Today’s question comes from Ryan McCloud, from Honeynut Blossom, Georgia. Ryan asks, “What can you do when you run into a person you’ve met several times and they still act like they’ve never met you before??”
First things first, Ryan. I hope you’re not referring to me! While I’ll have to run this past my wife for verification, I’m 47% certain I’ve never set foot in Honeynut Blossom, Georgia. My memory was filled to capacity approximately 22 years ago and as a result, I can tell you who the characters actors were in every film produced from 1934 – 1990 but have to refer to flash cards to determine whether the person sitting across from me at dinner is my 11 year old daughter or a long term life insurance salesman.
Now there are two types of forgetful, Ryan. There’s the real kind where someone wishes to God above they could put names and faces together to avoid embarrassment and being considered a snob and then there’s the other kind where the person knows exactly who you are and pretends not to because they are a snob.

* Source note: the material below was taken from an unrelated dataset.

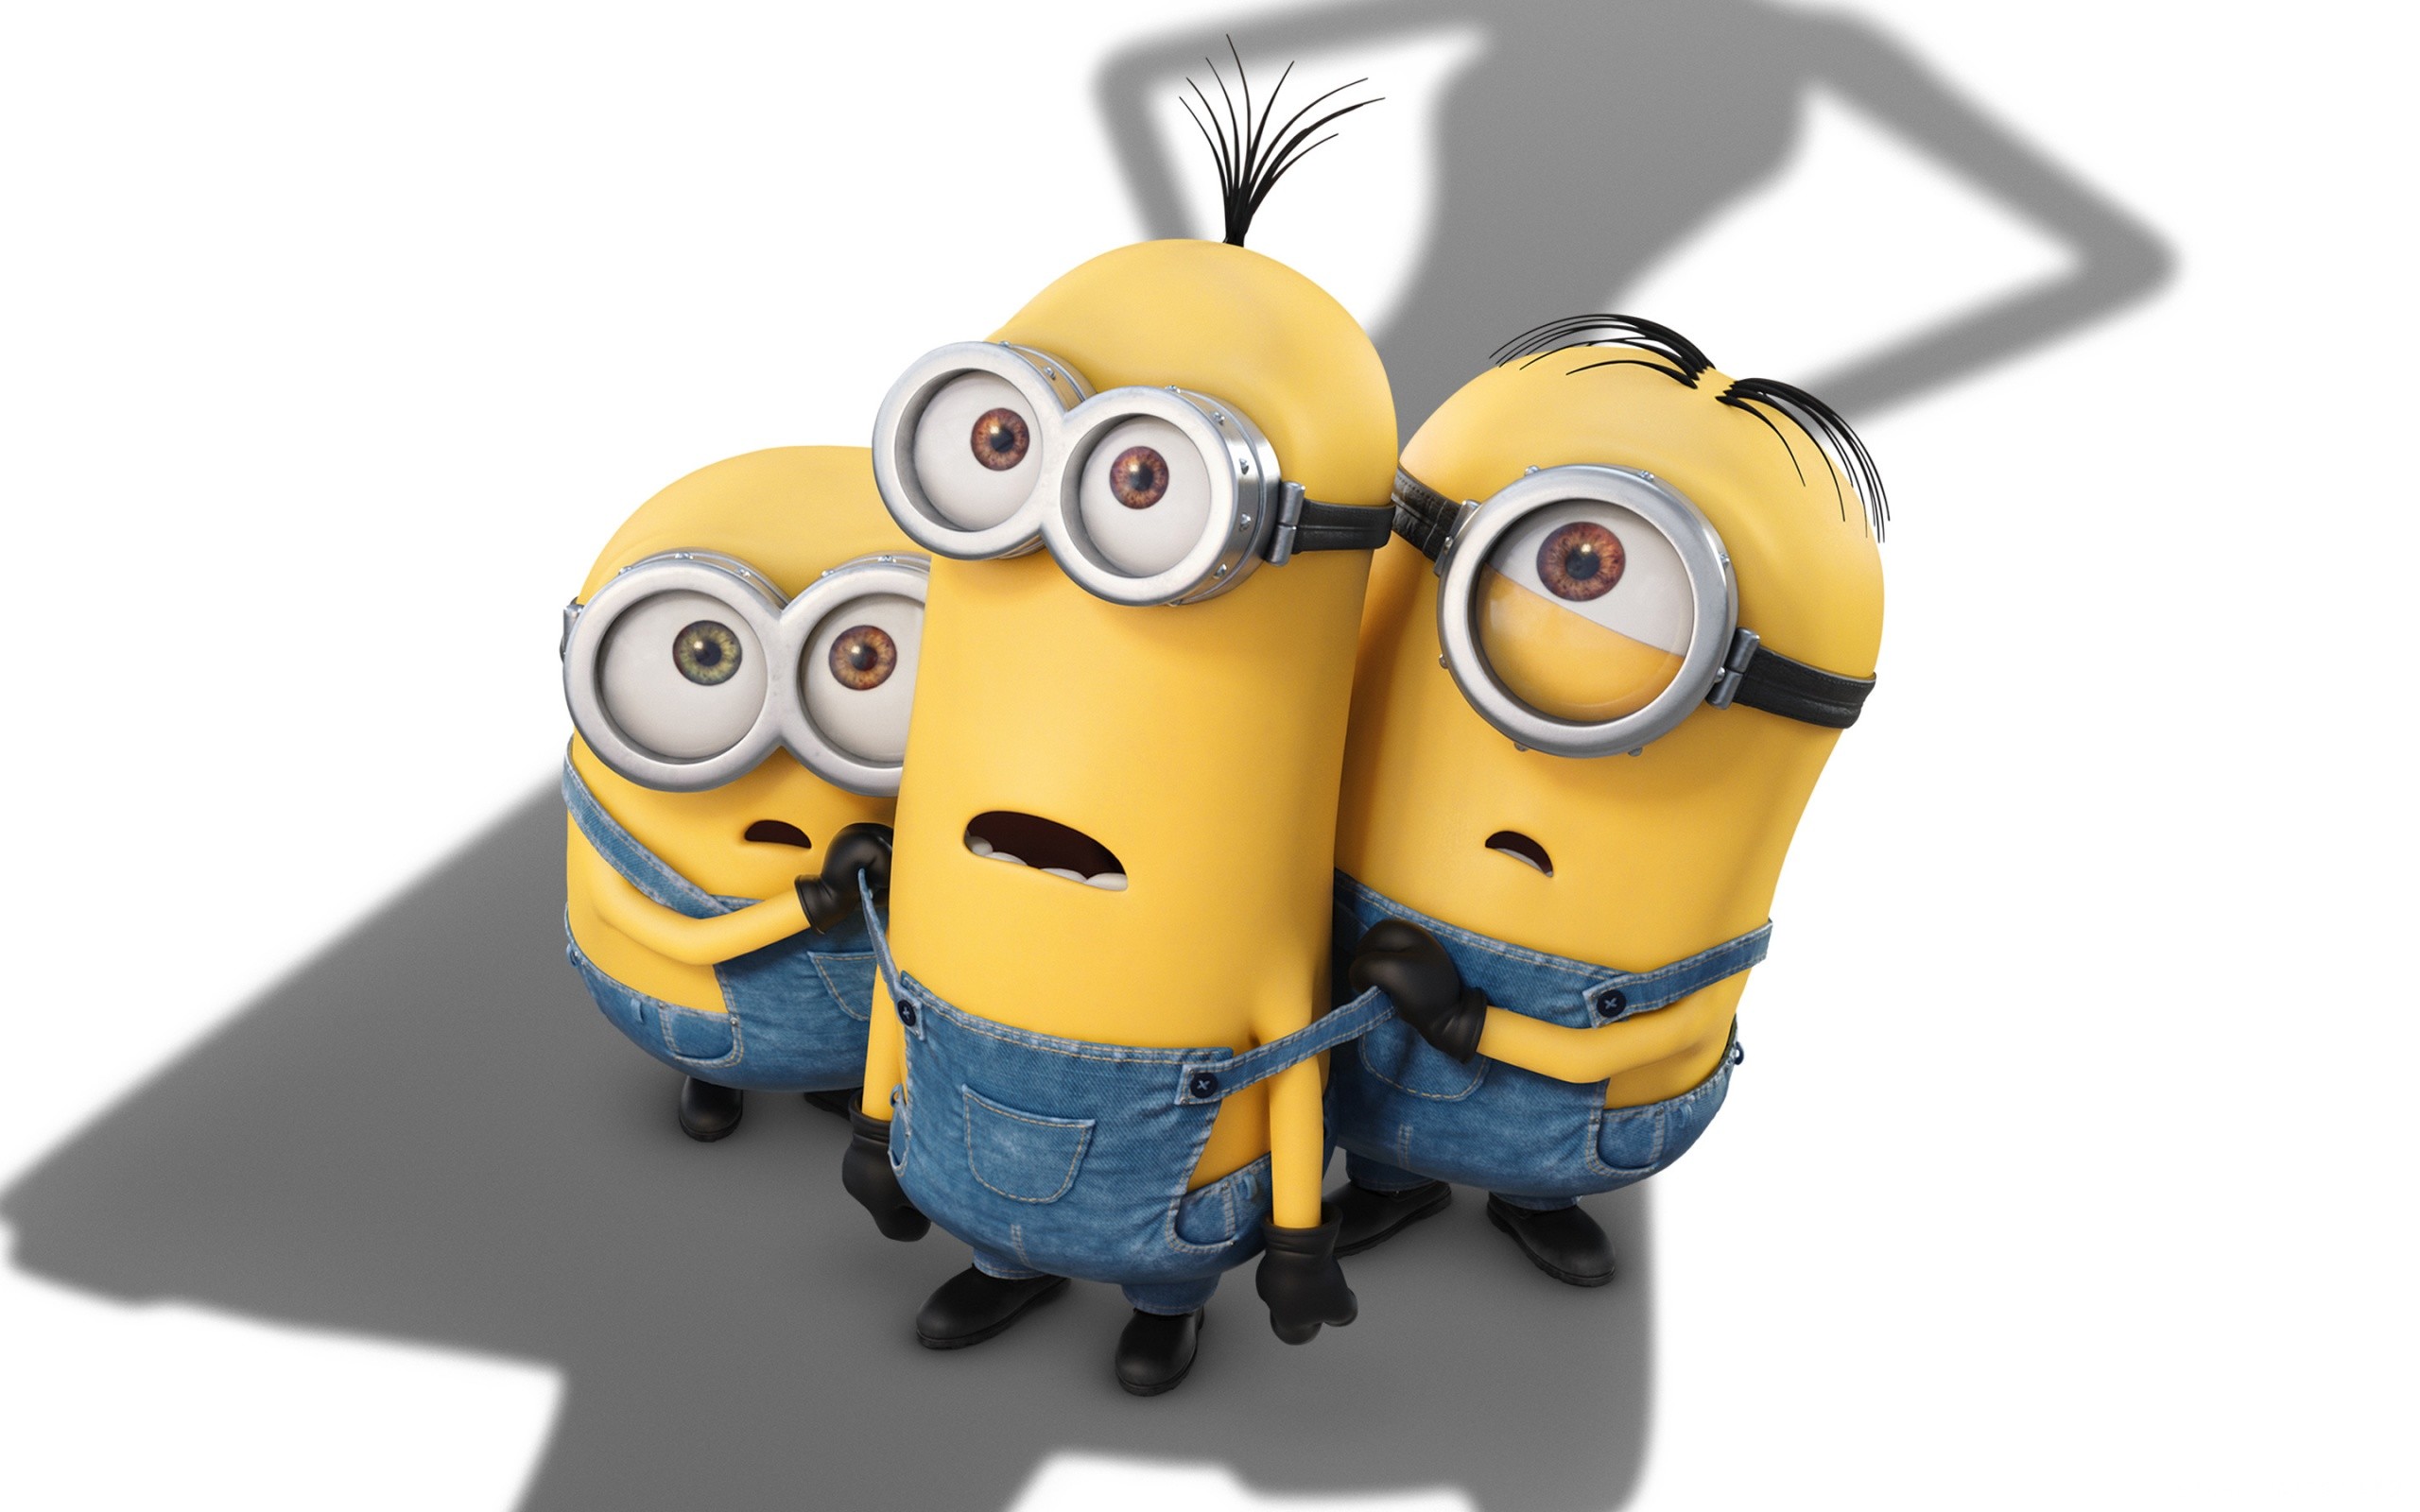 2560x1600 Bob and Kevin Minions in 2015 Best Animated Film Minions wallpaper .

How to tell the difference? As one who has great difficulty recalling names and would gladly throw away his knowledge of movies from 1985-1990 (most of them were mediocre at best anyhow), in order to clear space for people, I often go to great lengths to conceal the fact that I can’t recall the name of the person I am speaking with.

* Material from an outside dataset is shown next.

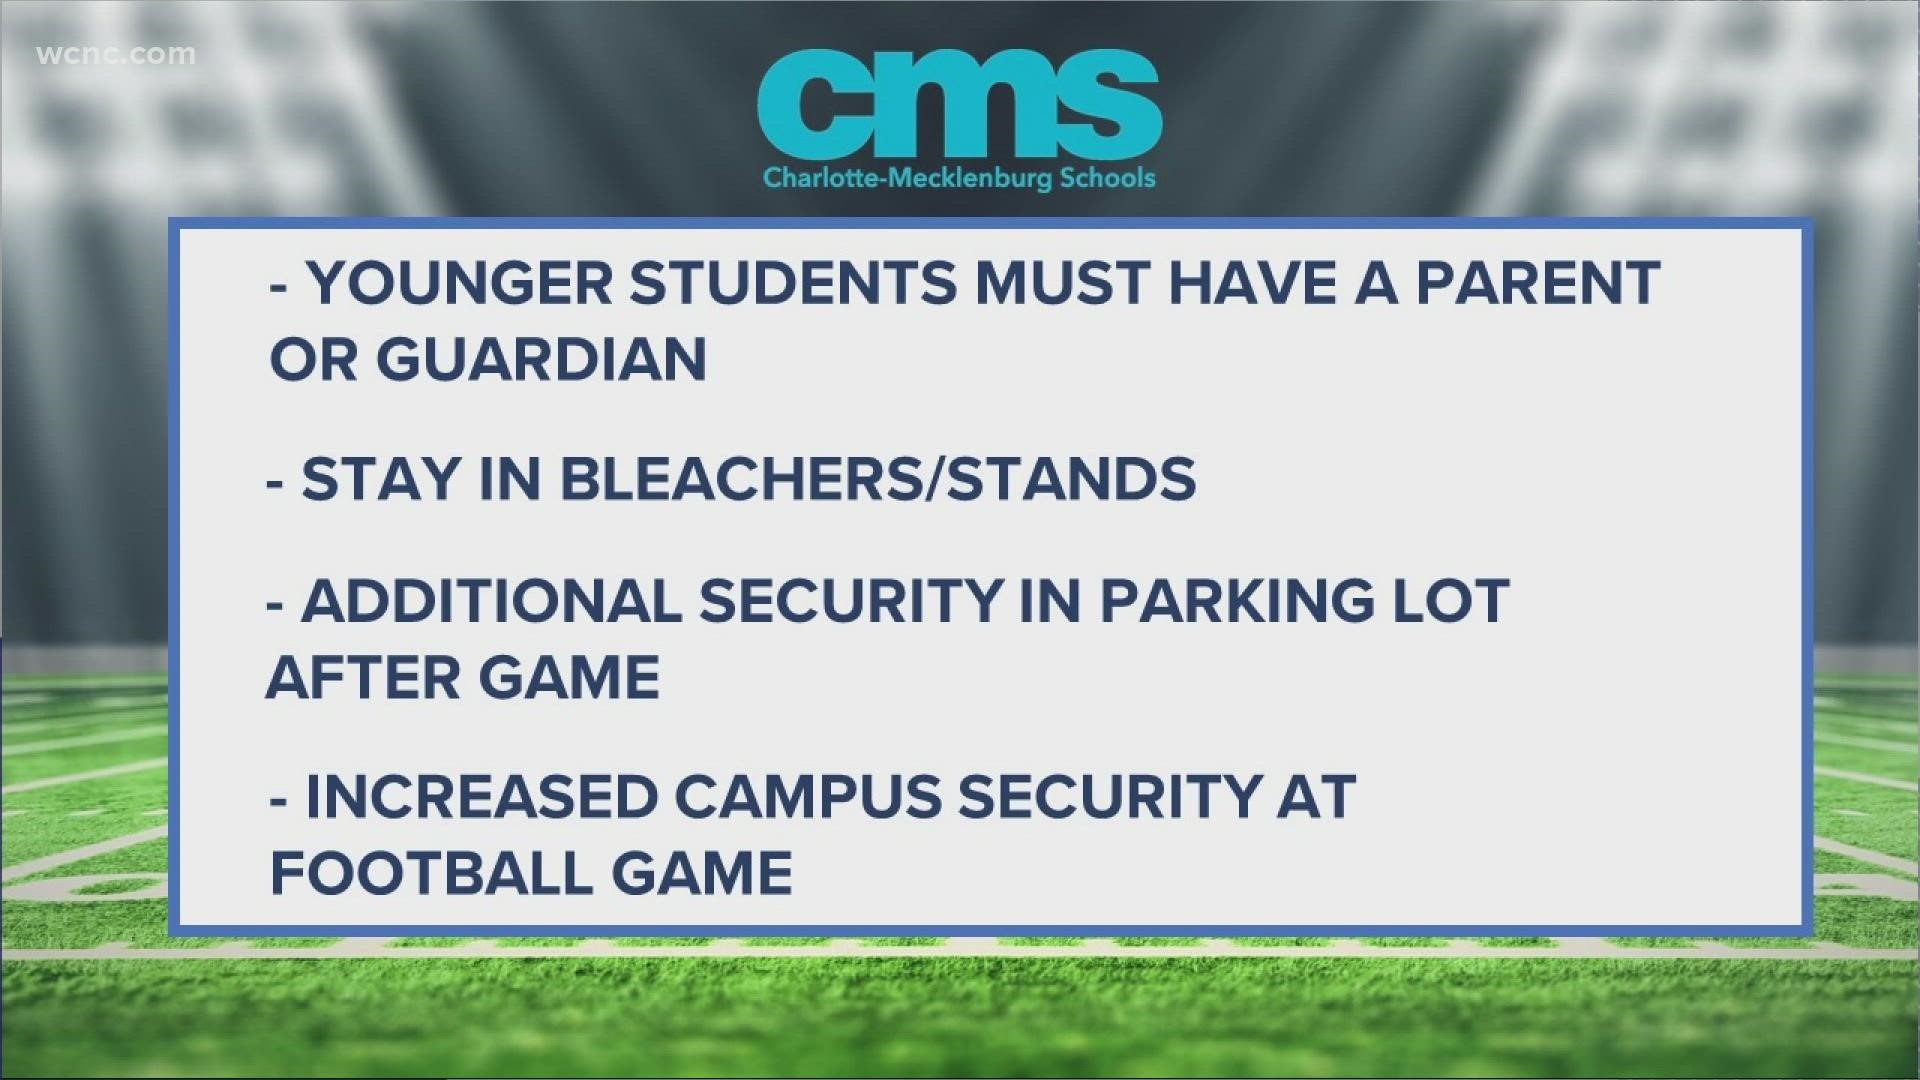 Last week, the Chambers High School football game was disrupted by gunshots nearby. Four high schools had online threats this week.

One tactic a sincere person will use is the “we’re too close to even use names” approach. In this case, the forgetful one will run into someone on the street or at a social event and after tearing through the alphabet at twice the speed of light in a desperate attempt to trigger the first name and coming up short, will either hug the person closely to their chest in order to go through the alphabet one more time while staring over their shoulder in a dead panic, or simply take the “unknown” person’s hand in both of his or hers, look deeply into their eyes and exclaim, “How are YOU?!” with an extra emphasis on the “you” to convey a sense of intimacy, long standing friendship and camaraderie that transcends the need for names — or if necessary — a desperate, unspoken plea to be let off the hook as a quid pro quo because both of you have horrible memories and employ the exact same tactics.
Now the other people – the ones who know you but pretend to be meeting you for the first time – are often cut from a different cloth. They may be part of a group that is often referred to as “social climbers”, people that look at others whom they consider inferior or unable to help them achieve their goals as nothing more than people who are inferior or unable to help them achieve their goals. One thing you have to say about social climbers — they don’t see the point in hiding behind analogies or metaphors.

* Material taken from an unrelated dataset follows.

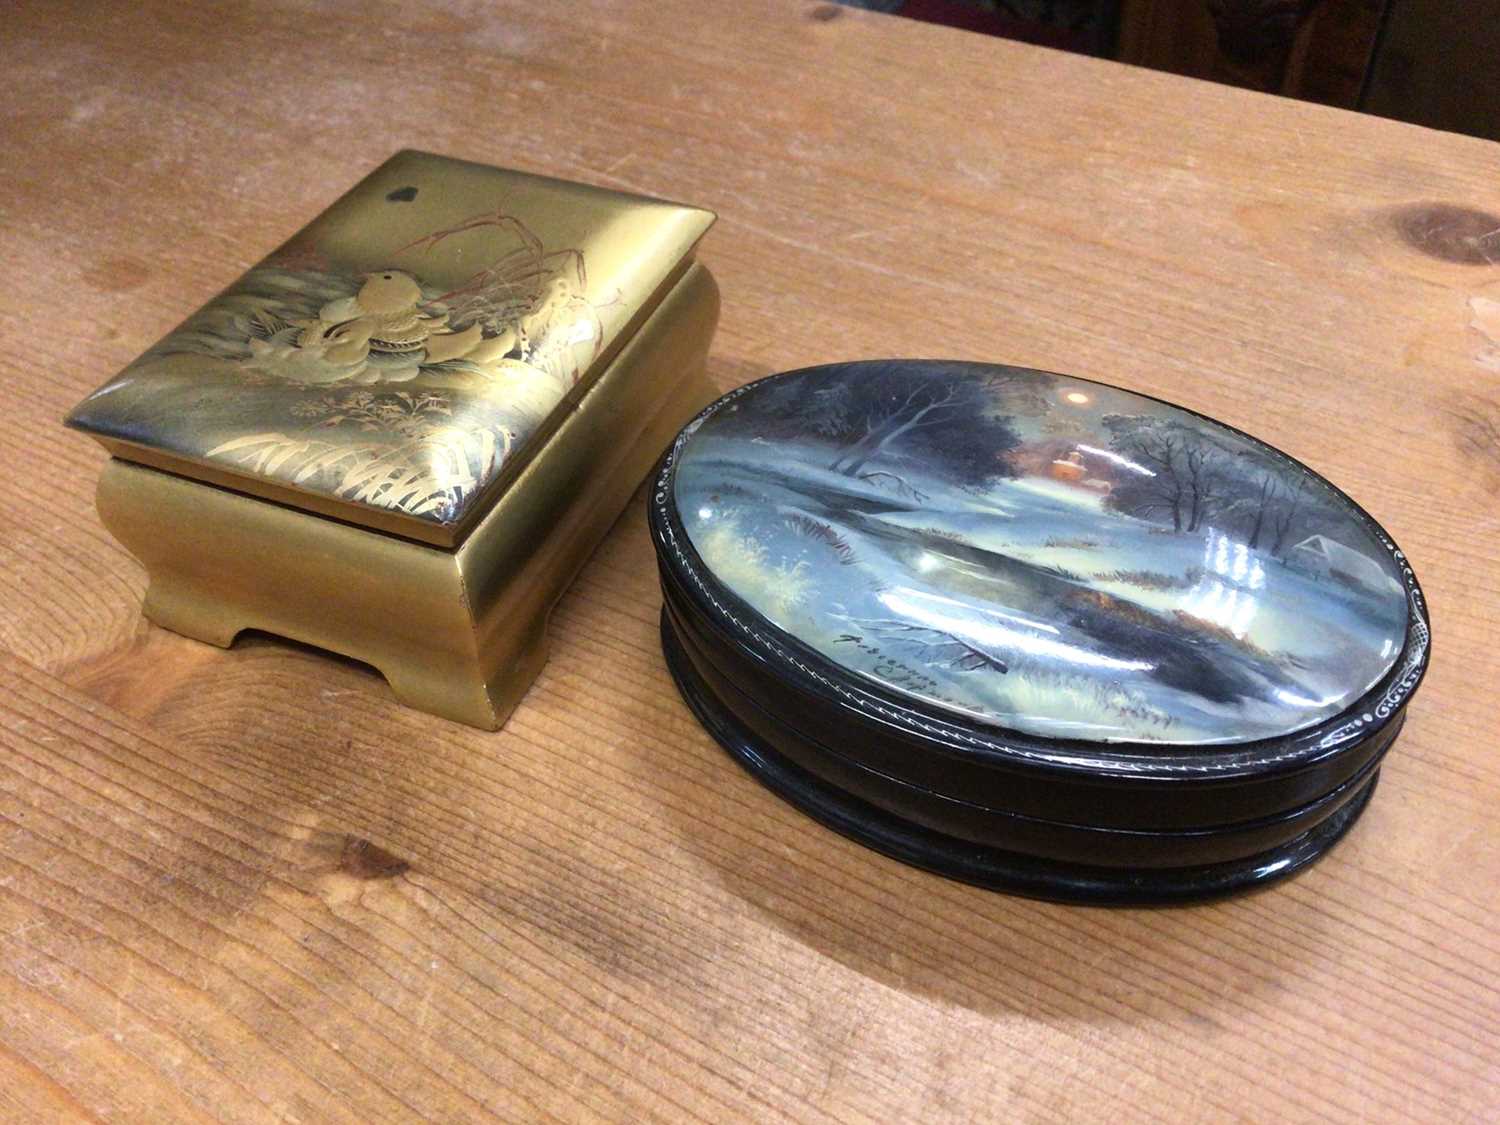 Lot 48 - Japanese lacquer box, together with a Russian lacquer box

I’ve run into these types all my life, Ryan, and rather than get annoyed, I try to derive a bit of pleasure whenever the opportunity presents itself. One tactic is to take the offensive and when you run into one of the culprits, greet them by a ridiculous sounding name that isn’t theirs.
“Hello, Gretel! How are you?”
“I love it! When did you change it, Gretel?”
Should you decide to make it clear you’ve met this person before, here’s another tactic where you can mix one part fiction with two parts truth.
“Actually, we’ve met several times before.”
“Yes. At the Hansen’s party in March. Also at the PTA’s ‘Better Spellers Make Better Mail Sorters’ Finals. We also sat at the same table at the silent auction fundraiser. I was the one who said, “Good move!” when you grabbed two handfulls of tickets out of the Ten-Day Getaway to the Cayman Islands bucket and stuffed them in your purse before putting your tickets in. My name’s Eddie, by the way. ED-DEE.”
While there are no hard and fast answers to your question, Ryan, just remember what Shakespeare said. “A rose by any other name would smell as sweet.” That has nothing to do with anything really, I’m just trying to give you an edge in the event we ever do run into each other. If you can’t remember my first name, I’ll be just as happy if you refer to me as “Hey, it’s that Shakespeare quote guy!” Anything’s better than one of those desperate hugs. At least until we’re better acquainted.